Auricular acupuncture, acupuncture needles placed in the ear for therapeutic purposes, seems an exceedingly clear and precise description of what we generally were discussing at this conference. Auricular therapy seems unnecessarily confusing, since the Chinese practice of ear cauterization for sciatica (which simulated the idea of the ear as a target for acupuncture in the first place) is a type of auricular therapy. Other factions of medical providers have also played with language as they drive needles into human flesh (acupuncture) but now use terms like “dry needling” or “medical acupuncture” or “traditional Chinese acupuncture” or “auricular stimulation,” and the list goes on. I apologize now if I have “acupunctured” any “sacred cow” beliefs of my readers. (I crack myself up.)
Notwithstanding the economic practice barriers that are overcome in many states with these plays on words, is all this really necessary? I know from personal experience that this semantic mess is extremely confusing for our patients. Furthermore, all of this partisan bickering amongst the various acupuncture factions thoroughly complicates any efforts from folks like me who are trying to bring plain old acupuncture, in all its wondrous forms, to mainstream federal medicine. I have no beef with the multitude of different acupuncture styles and traditions; my only requirement is that they all be equally assessed through the hard and unforgiving lens of science. There is plenty of evidence in existence today that acupuncture (plain old needle in skin action) has therapeutic value in many patients for many conditions. If we could allow ourselves to overcome our personal biases and hubris toward any flavor of acupuncture and agree that any provider placing acupuncture needles for therapeutic purposes is doing “acupuncture,” the job of bringing these services to the masses (and regulating it appropriately) would suddenly be much easier.
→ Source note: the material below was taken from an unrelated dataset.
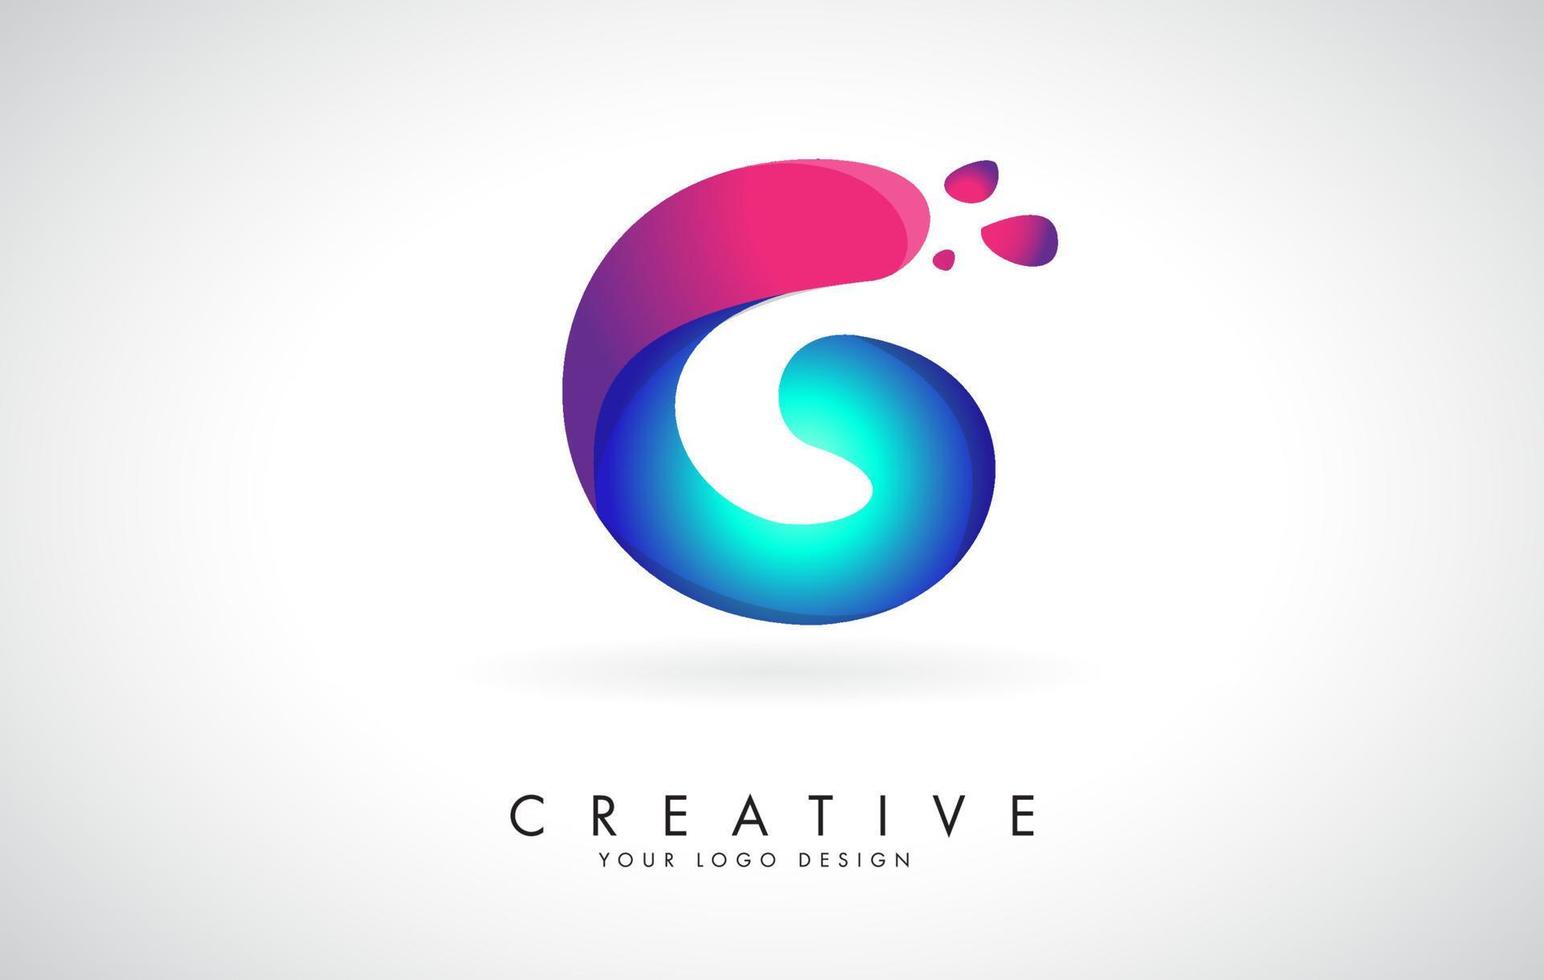 Diseño de logotipo letra g creativa azul y rosa con puntos. entretenimiento corporativo amigable, medios, tecnología, diseño de vectores de negocios digitales con gotas.

The various groups practicing their one “true” brand of acupuncture and labeling it as something different are not helping the mission and vision of bringing acupuncture to federal medicine as a covered benefit. Each separate community of providers, placing acupuncture needles in patients, has built their confining walls around their traditions, and these silos stand tall and proud to the righteousness of their point of view. How ridiculous our patients must think we all are. Perhaps Voltaire was not speaking entirely in jest when he stated, “The art of medicine consists in amusing the patient while nature cures the disease.”
I would suggest that the term acupuncture is broad and inclusive enough for all. If we would break down these self-serving artificial walls and speak with one voice concerning our desire for acupuncture services in our patients, all acupuncture factions would benefit (not to mention the benefits for our patients).